Councillor Keith Wakefield, leader of the council, said families were being punished under the policy.
He said: “The Government’s defence of its flawed bedroom tax policy in the High Court shows its uncaring attitude towards disabled people living in social housing on very low incomes.
“This policy particularly punishes families with vulnerable or disabled children. That is why I have such sympathy for those who have lost their case in court.
“I hope ministers will recognise just what an impact policies are having on families whose children cannot share a room because of their disabilities.
“These are families where, contrary to Government rules, children cannot share a room – that may be because a child is at risk of violence from a sibling, or because a child is suffering trauma as a result of domestic violence or abuse.”
Coun Wakefield added: “In Leeds, we are trying to do all we can to help vulnerable people despite cuts to our own budgets.”
A Department for Work and Pensions spokesman added: “Reform of housing benefit in the social sector is essential, so the taxpayer does not pay for people’s extra bedrooms.”
Campaigners welcomed court criticism that the Government has been aware since May last year that the law must be changed to provide for disabled children but failed to act early to make the necessary regulations.
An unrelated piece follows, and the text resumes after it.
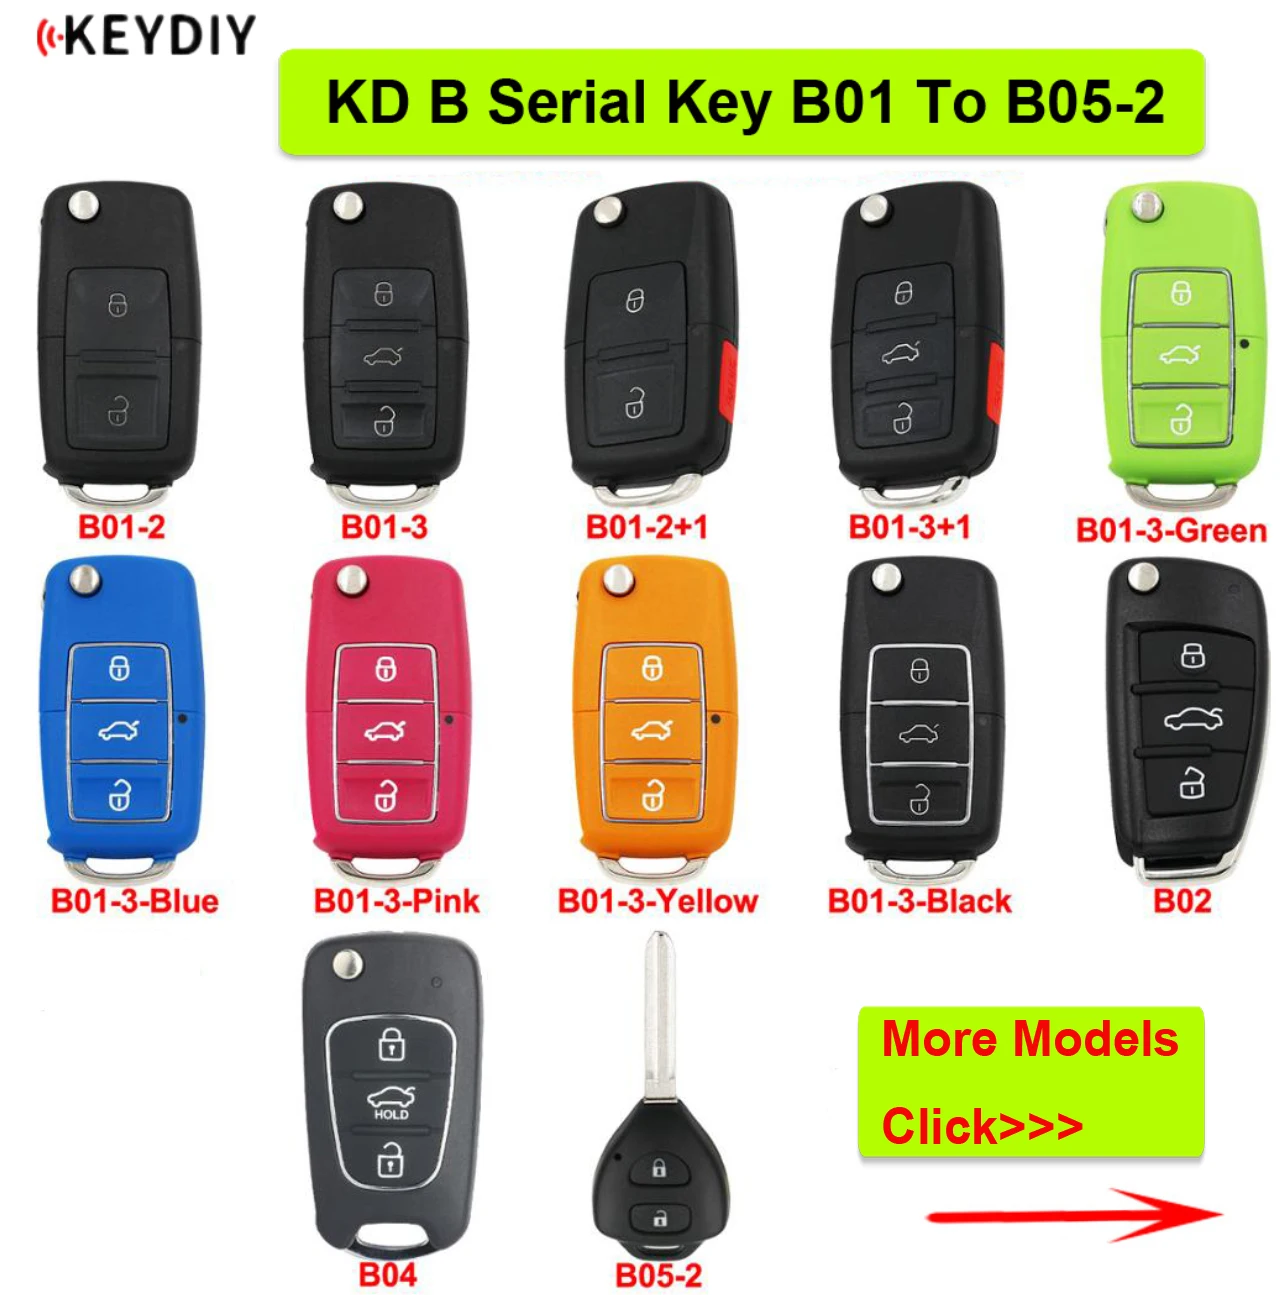 KEYDIY Universal Remotes B-Series B14-2 for KD900 KD900+

Lord Justice Laws, sitting with Mr Justice Cranston, said the current state of affairs “cannot be allowed to continue”.
Lawyers acting for disabled people said the ruling meant that the Government must now act “very speedily” to show there should be “no reduction of housing benefit where an extra bedroom is required for children who are unable to share because of their disabilities”.
The legal teams said they would fight on after losing the main aim of their challenge - to block the controversial housing benefit regulations that came into force on April 1.
The new regulations involve reductions in benefit payments to tenants assessed to be under-occupying their accommodation.
Under new ‘’size criteria’’, tenants with one spare bedroom have had a payment reduction of 14% and those deemed to have two or more spare, a reduction of 25%.
Human rights lawyers say that, unless the families move from their homes into smaller properties, they face building up rent arrears and being forced out anyway.
Ten cases were brought before London’s High Court to illustrate the serious impact of the regulations on disabled people up and down the country.
Rebekah Carrier, solicitor with law firm Hopkin Murray Beskine, condemned the Government for causing confusion over its new regulations.
Ms Carrier said: “The Government’s position in relation to disabled children is incomprehensible. Fourteen months ago (in May 2012) the Court of Appeal held that the secretary of state was discriminating against disabled children who need to share a bedroom because of their disabilities, yet by February 2013 when these proceedings were issued no action had been taken.”